— Не по своей воле, поверьте.
Элиот с интересом следил за разговором этих двух занятных стариков. Траут ничуть не оскорбился, хотя Элиот считал, что вполне мог бы, когда сенатор предположил, что из него бы вышел отменный жулик, то есть агент по рекламе. Он явно любовался сенатором как ярким и совершенно гармоничном произведением искусства — не собирался ни спорить с ним, ни склонять его на свою сторону. А сенатор восхищался Траутом, считая его прожженным плутом, который может правдоподобно объяснить все на свете, и не догадывался, что тот в жизни ни разу не соврал.
— А какую политическую платформу вы могли бы сочинить, мистер Траут!
— Благодарю вас.
— У адвокатов мысль работает точно так же. Они изобретают великолепные объяснения для любой несуразицы. Но почему-то у них это никогда не звучит убедительно. У них это звучит как «Увертюра 1812 года», сыгранная на дудке. — Сенатор, сияя, откинулся на спинку скамейки. — Объясните теперь про другие номера, которые Элиот откалывал спьяну там, в Розуотере.
* * *
— Суд, — вставил Мак-Аллистер, — несомненно захочет узнать, какие выводы Элиот сделал из своих экспериментов.
— Воздерживаться от спиртного, помнить, кто он такой, и вести себя соответственно, — с готовностью отчеканил сенатор, — и не разыгрывать перед людьми господа бога, а то они обслюнявят тебя с головы до пяток, выжмут все, что смогут, и кинутся нарушать заповеди — ведь так приятно получать потом прощение! — а когда тебя с ними не будет, обольют грязью.
Этого Элиот не мог оставить без внимания.
— Значит, меня обливают грязью?
— О боже, они тебя любят, ненавидят, плачут по тебе, хохочут над тобой и каждый день придумывают про тебя какие-нибудь новые россказни.

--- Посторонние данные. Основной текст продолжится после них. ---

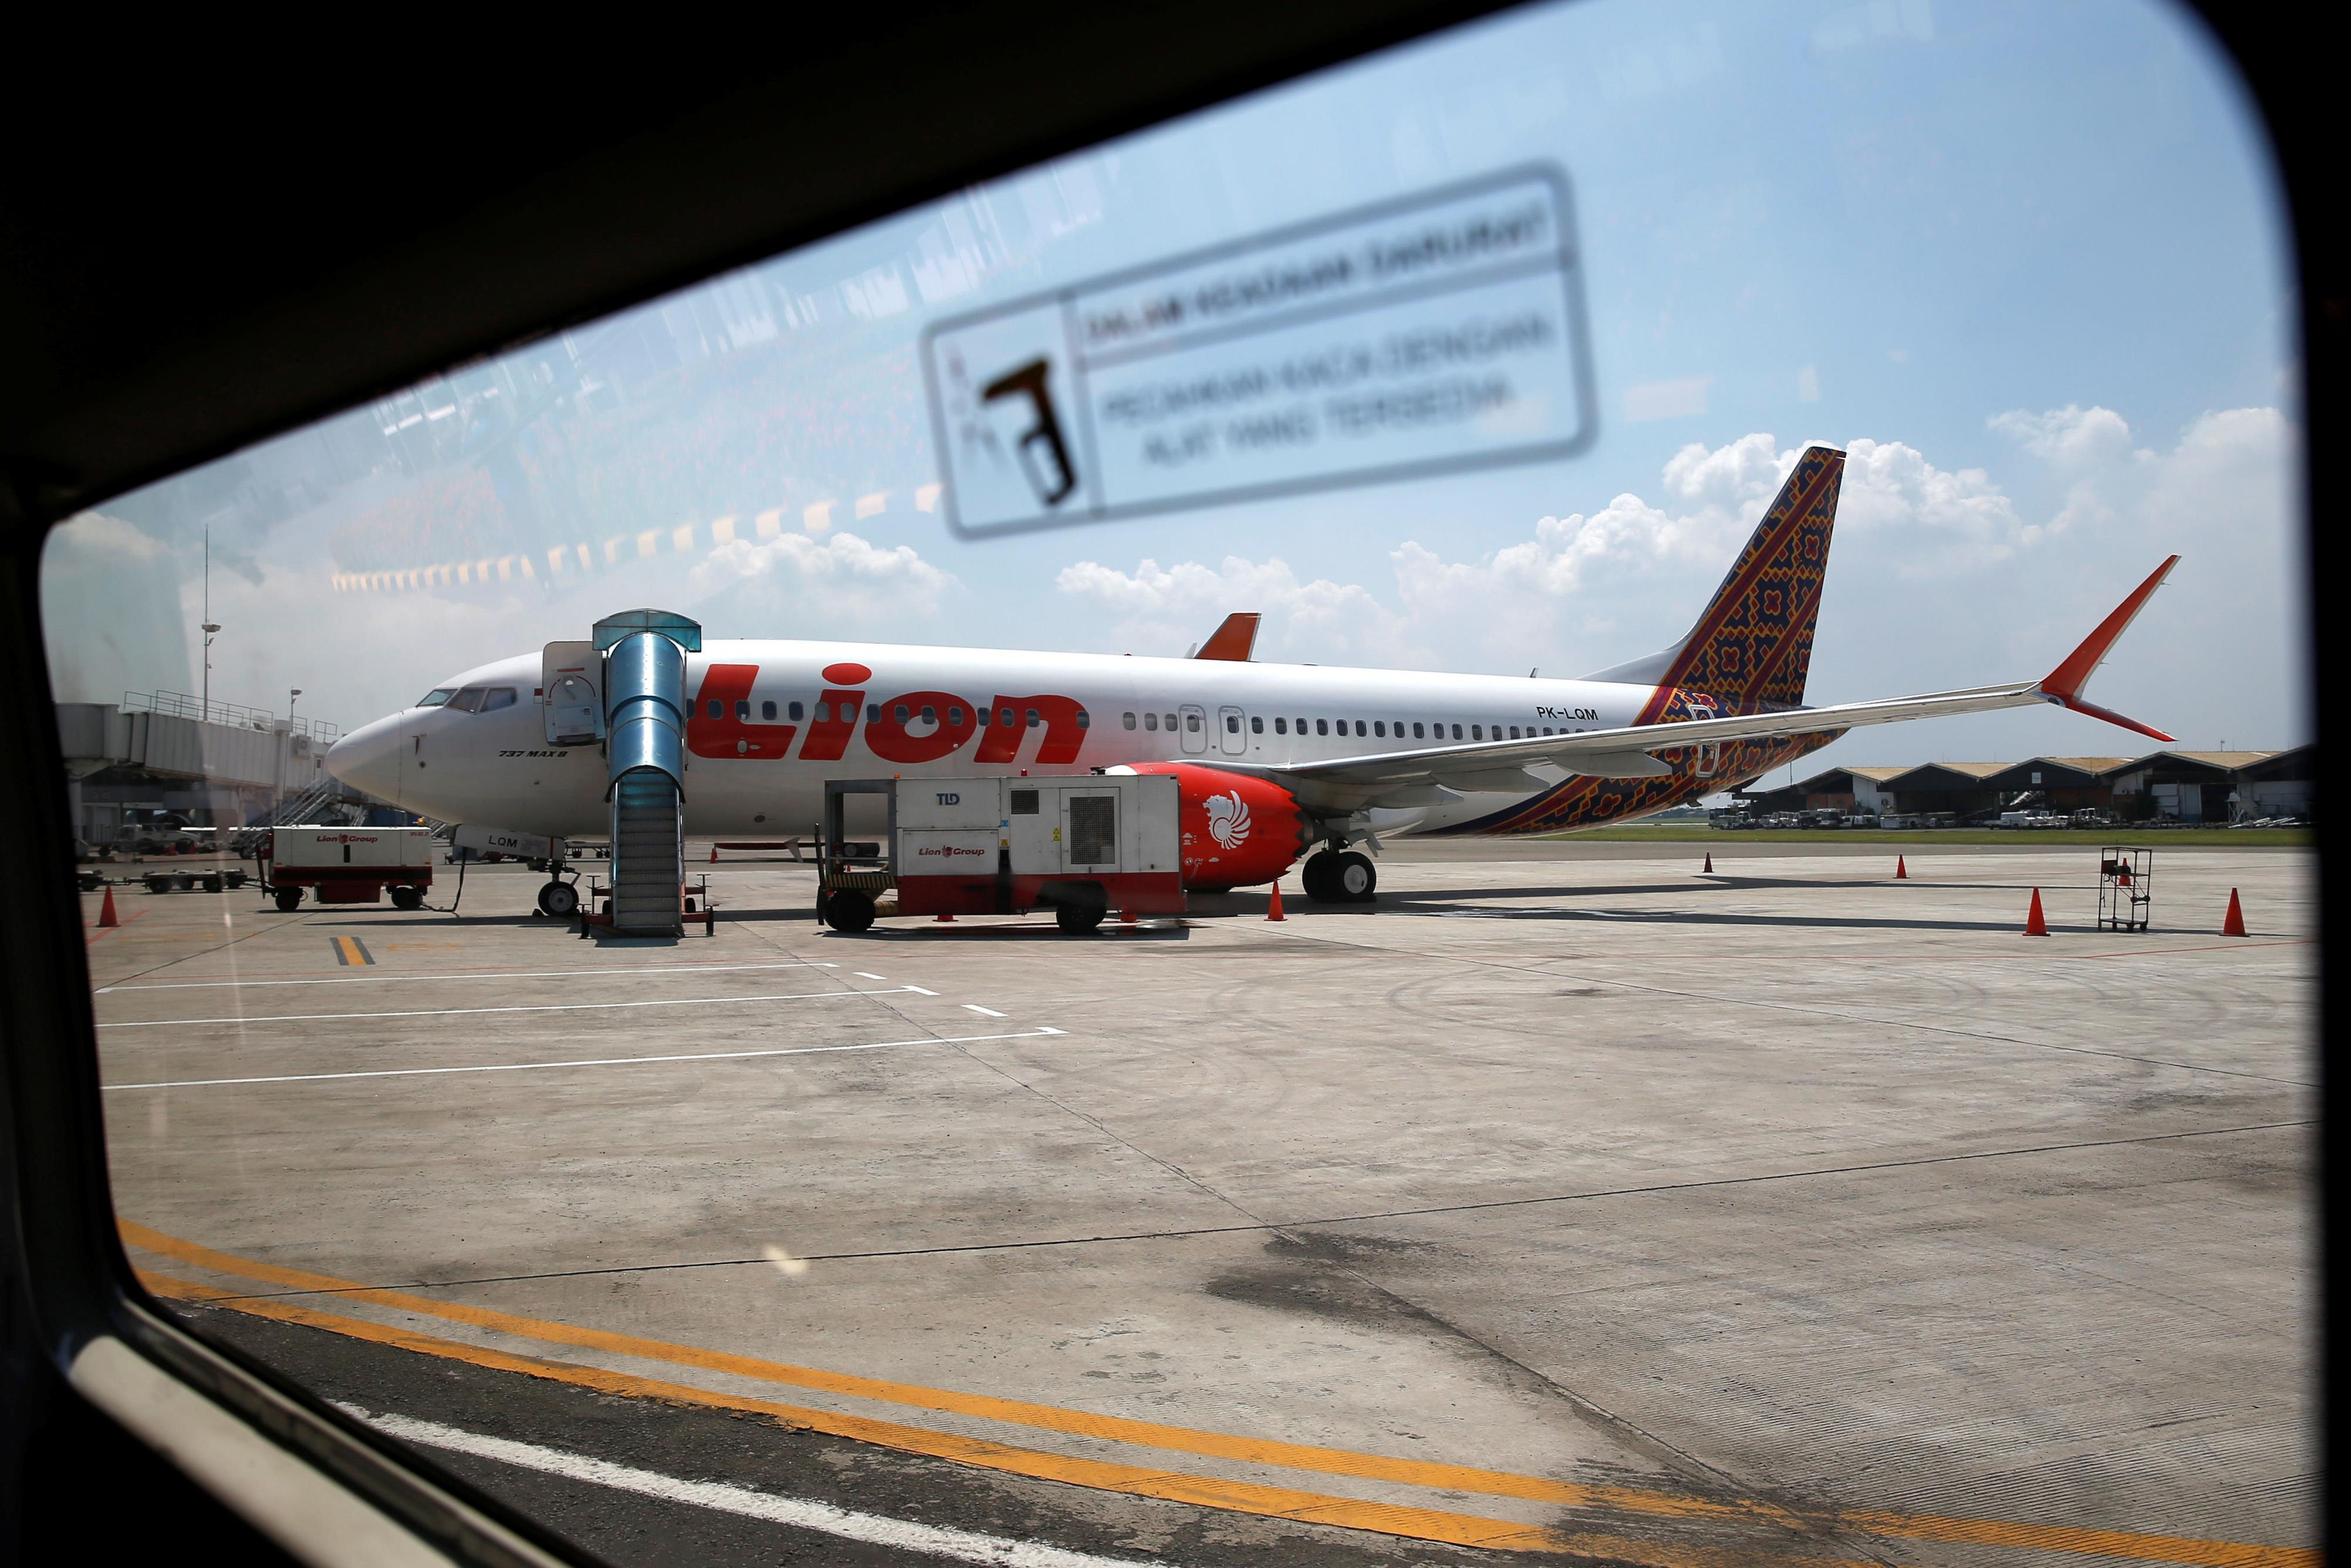 Un avion Boeing 737 MAX 8 de la compagnie indonésienne Lion Iar attend sur le tarmac d'un aéroport, près de Jakarta.

Мечутся как курицы, когда им отрубят голову, будто ты и вправду был для них господом богом, а в один прекрасный день взял да и смылся.
Элиот почувствовал, как у него сжалось сердце, понял, что никогда больше не сможет вернуться в округ Розуотер.

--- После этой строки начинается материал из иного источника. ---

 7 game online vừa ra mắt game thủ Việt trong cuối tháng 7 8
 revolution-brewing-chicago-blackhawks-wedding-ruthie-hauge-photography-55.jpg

— Мне кажется, — сказал Траут, — главный вывод состоит в том, что людям всегда нужна всепрощающая любовь, и чем ее больше, тем лучше.
— Да что же здесь нового? — фыркнул сенатор.
— Ново здесь то, что Элиот смог давать такую любовь — и так долго. Бели смог один, то, наверно, смогут и другие. Значит, и наша ненависть к людям, не приносящим пользы, и жестокость, с какой мы к ним относимся ради их же блага, вовсе не обязательно неотъемлемая часть человеческой натуры. На примере Элиота Розуотера миллионы и миллионы людей, может быть, научатся всех любить и всем помогать.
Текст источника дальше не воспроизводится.